Some of the Completeness, Validity, Accuracy, Consistency issues are documented below

Issues with the data's content

Need to remove rows that have been retweeted, therby they are not original tweets

### A tweet that has been retweeted

The relevant field is retweet_count. This field provides the number of times this tweet was retweeted. Note that this number may vary over time, as additional people retweet the tweet.

### A tweet that is a retweet

Want to exclude any tweet that is a retweet. Two fields are significant. First, the retweeted_status contains the source tweet (i.e., the tweet that was retweeted). The present or absence of this field can be used to identify tweets that are retweets. Second, the retweet_count is the count of the retweets of the source tweet, not this tweet.

Therefore I will isolate all rows in the retweeted_status column that have a value and delete it from the archive dataframe. This will remove tweets that are a retweet from the dataframe.

archive dataframe:

- Some ratings numerator and denominator are incorrectly extracted
- Fix rating numerator that have decimals
- in_reply_to_status_id, in_reply_to_user_id, retweeted_status_id, retweeted_status_user_id should be integer instead of float 
- retweeted_status_timestamp, timestamp should be datetime instead of object (string)
- Names of dogs are miss labelled, mispelled or missing. Cross-reference text data with Names column
- 181 records have a retweeted_status_id, these will need to be exluded from the dataset 
- Remove extra characters after '&' in archive['text'].
- In several columns null objects are non-null 

image_predictions dataframe:

- Rename column names to more informative (pic_1, pic_2..)


## Tidiness Issue Log

Some of the structural issues in the involed dataset are captured below.

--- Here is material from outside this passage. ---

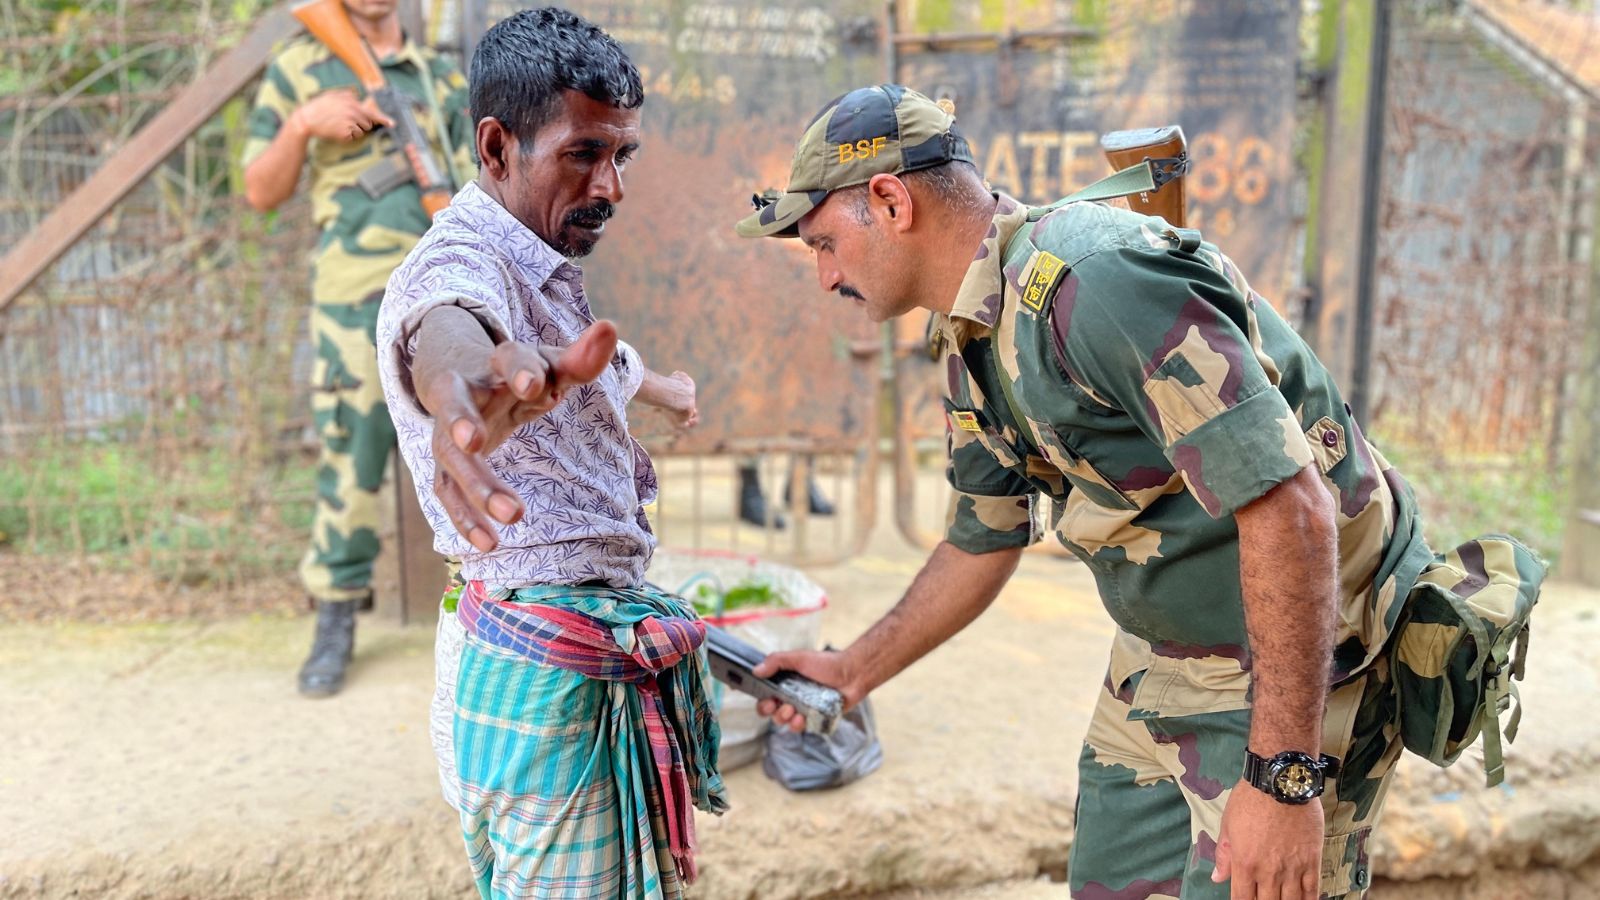 Villagers being checked by BSF jawans. (Express photo)

- Various stages of dogs in columns instead of rows in archive dataset
- keep only tweet_id and jpg_url columns in image_predictins dataframe
- join all three datasets


# Clean 

Cleaning our data is the third step in data wrangling. It is where we will fix the quality and tidiness issues that we identified in the assess step.


In [186]:
# Copy the dataframes 
df_clean = archive.copy()
images_clean = image_predictions.copy()
tweet_df_clean = json_tweets.copy()

### Define

Correct names of the dogs by replacing them with Null values 

### Code

In [187]:
# Missing Data
# replacing faulty names with None value or corrected Name
df_clean['name'].replace('the', 'None', inplace=True)
df_clean['name'].replace("light",'None', inplace=True)
df_clean['name'].replace("life",'None', inplace=True)
df_clean['name'].replace("an",'None', inplace=True)
df_clean['name'].replace("a",'None', inplace=True)
df_clean['name'].replace("by",'None', inplace=True)
df_clean['name'].replace("actually",'None', inplace=True)
df_clean['name'].replace("just",'None', inplace=True)
df_clean['name'].replace("getting",'None', inplace=True) 
df_clean['name'].replace("infuriating",'None', inplace=True) 
df_clean['name'].replace("old",'None', inplace=True) 
df_clean['name'].replace("all",'None', inplace=True) 
df_clean['name'].replace("this",'None', inplace=True) 
df_clean['name'].replace("very",'None', inplace=True) 
df_clean['name'].replace("mad",'None', inplace=True)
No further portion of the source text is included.